In the House, the top Democrat on the appropriations committee, Rep. Rosa DeLauro (Conn.), noted the level of nondefense spending in the cap is about $9 billion below current levels, so the money is going to have to come from somewhere.

“Nine billion dollars is a cut. And so where does it come from? Twelve appropriations bills,” DeLauro said.

But Republicans are playing down those concerns.

“I don’t see any reason why [the spending caps] would jeopardize that at all,” Rep. Mike Kelly (R-Pa.), co-chairman of the House Cancer Caucus, said during an event on cancer care sponsored by The Hill. “You can’t outlaw cancer. … But what you can do is, you can guarantee funding.”

Rep. Tom Cole (R-Okla.), a member of the Appropriations Committee who previously backed NIH as the leading Republican on the Labor-HHS-Education subcommittee, claimed that because Republicans have fewer spending priorities than Democrats, the NIH legislation won’t get bogged down with other issues.

Still, he said he anticipates a tough appropriations process.

“I don’t think it’ll [NIH] be shortchanged, but I would expect the entire Labor-H [Labor, Health and Human Services] budget to be under a lot of pressure,” Cole said.

President Biden has said he wants to build on the bipartisan progress in the fight against America’s No. 2 killer, and he has made fighting cancer a priority of his administration by relaunching the “cancer moonshot.”

The first iteration of the moonshot was created in 2016, at the tail end of the Obama administration, when Biden was vice president.

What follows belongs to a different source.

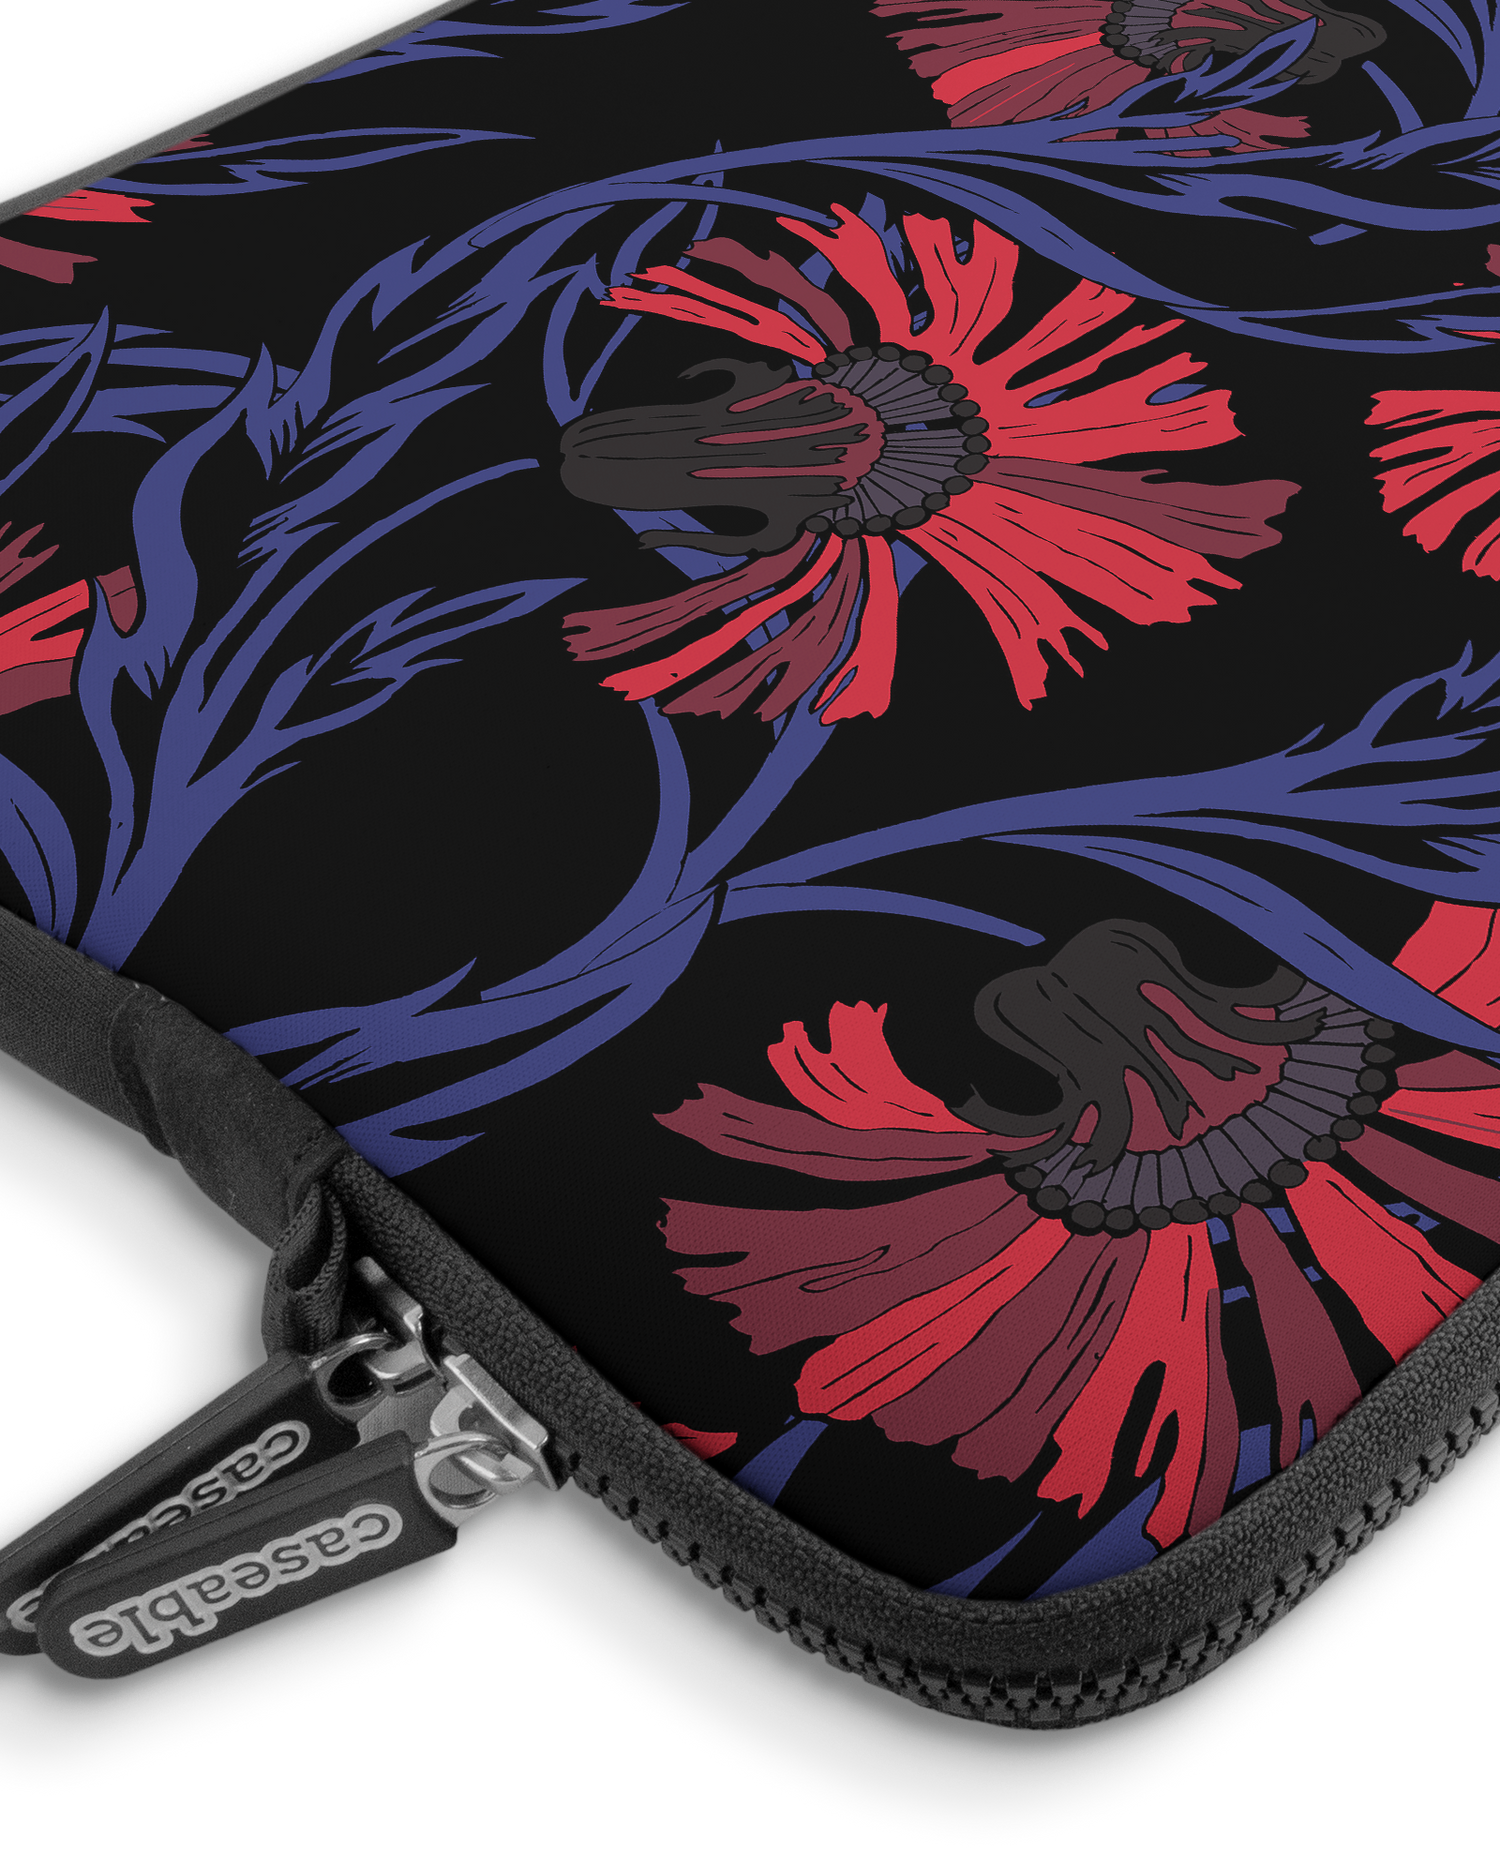 Midnight Floral Premium Laptop Bag 13-14 inch with device inside
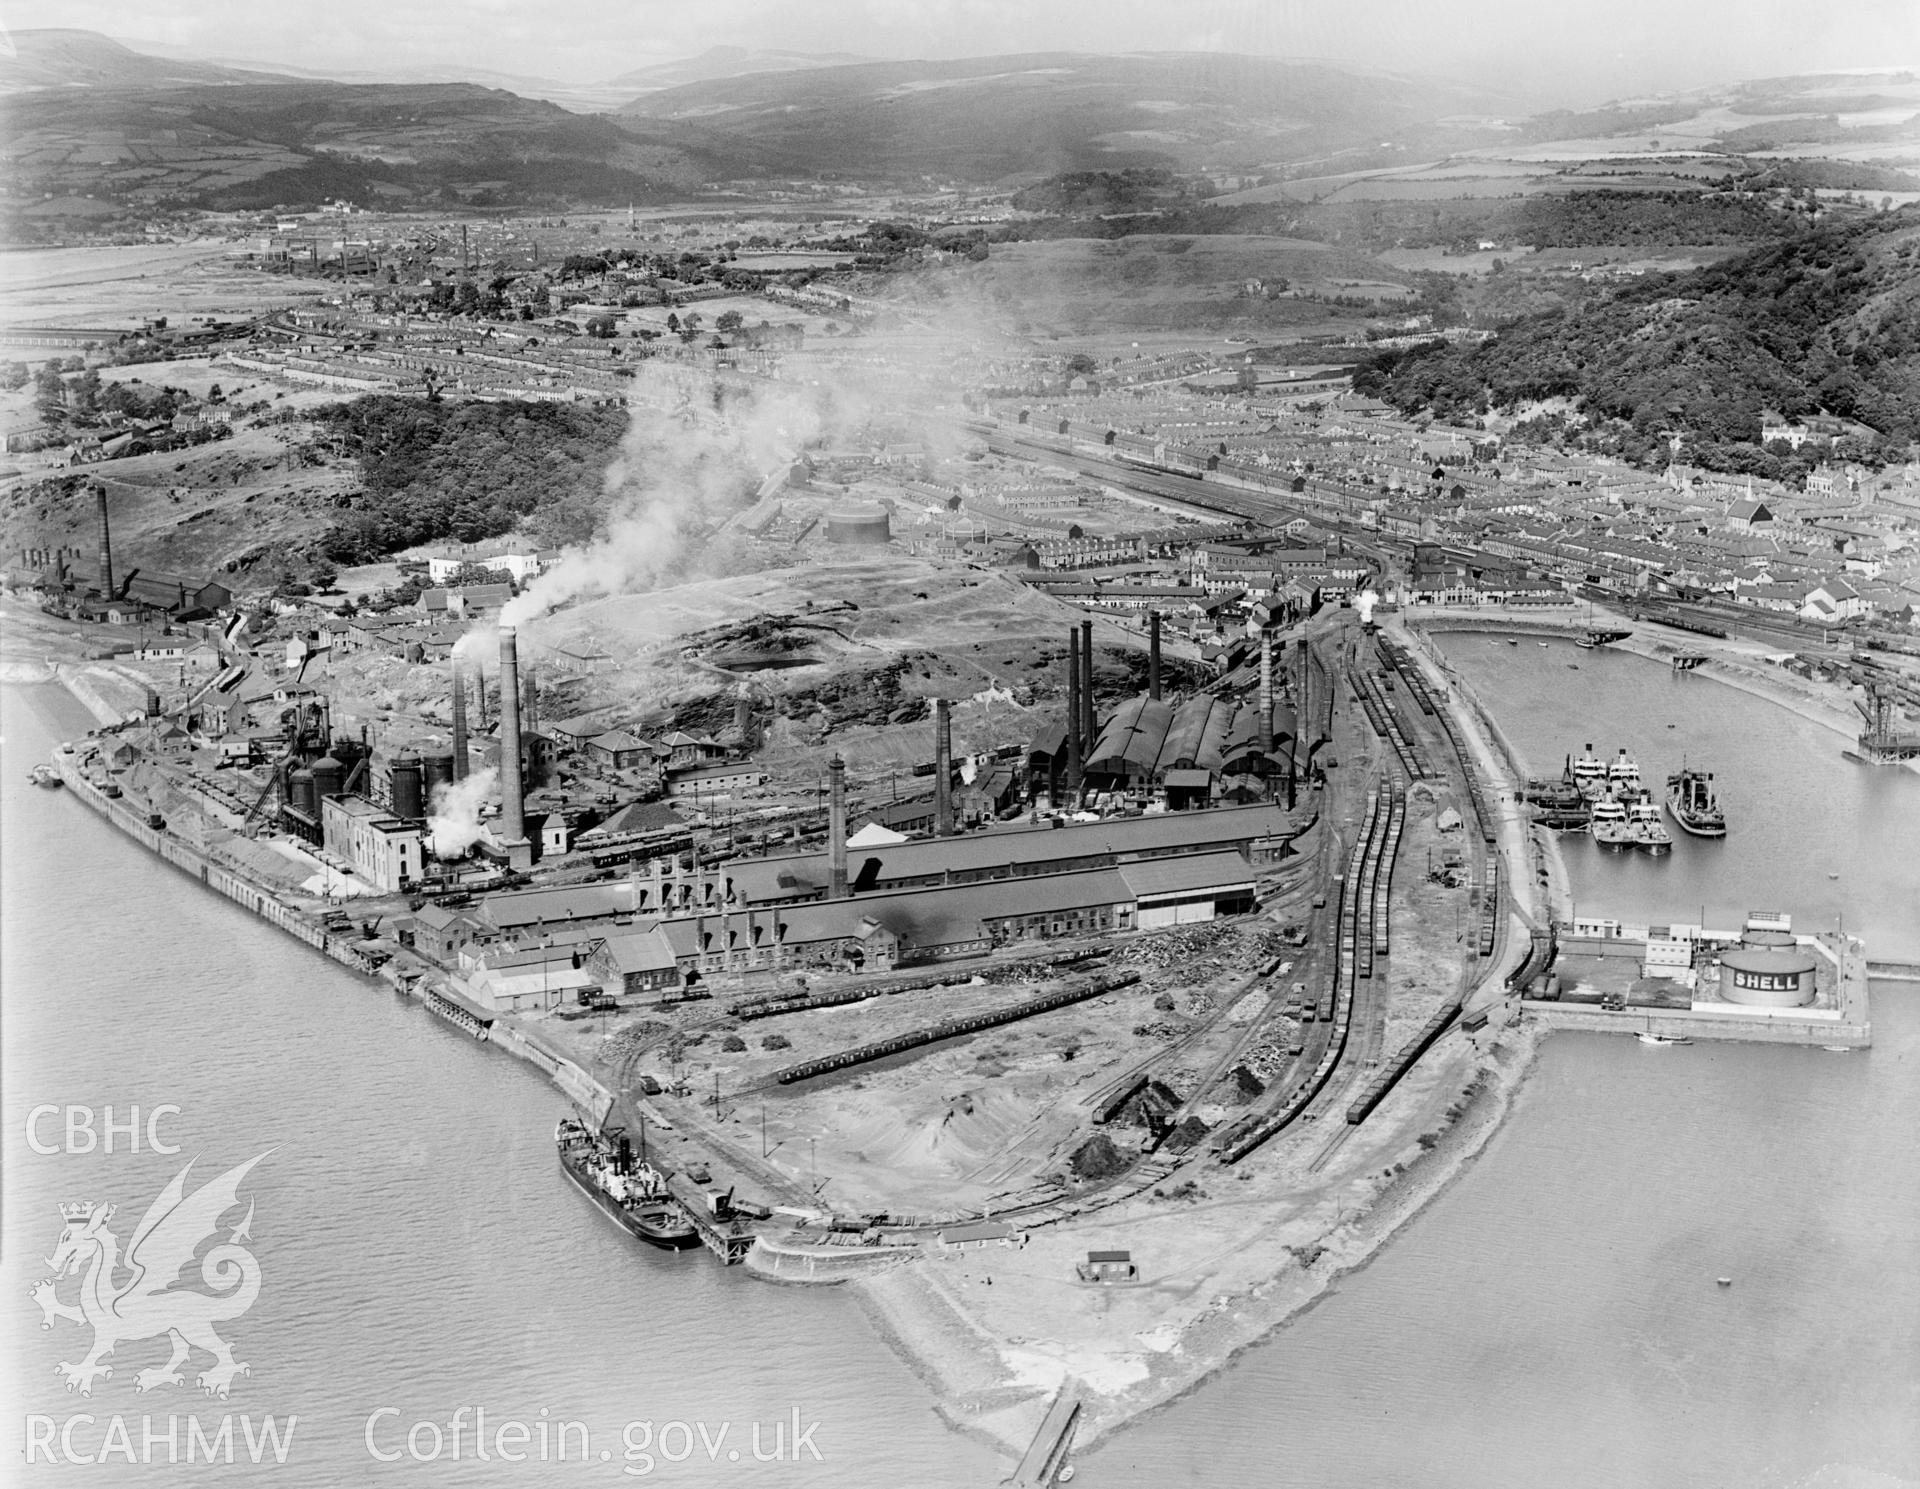 View of Neath River Navigation at Briton Ferry showing Briton Ferry dock, Cambria Cokeworks, Gwalia and Victoria tinplate works and Britain Ferry steelworks, from the northeast, oblique aerial view. 5?x4? black and white glass plate negative.

“We had a broad goal of speeding impact, speeding progress in anything that impacted patients. And a lot was done in that time. But it was the final year of an administration. And so we were in a sprint,” said Danielle Carnival, the White House moonshot coordinator.

Carnival said it helps to have a president who wants to prioritize cancer research, but changing administrations didn’t slow the work being done. The National Cancer Institute (NCI), which oversees the initiative, says it has already spent $1 billion on more than 240 research projects.

“It was important to have that carved out sustained funding, specifically for cancer moonshot initiatives,” Carnival said.

“We worked really hard with agencies and departments to make sure that even if there wasn’t a central White House office like there was in 2016, and there is now, focused on this effort, that the work continued and that collaboration continued” across the government, Carnival added.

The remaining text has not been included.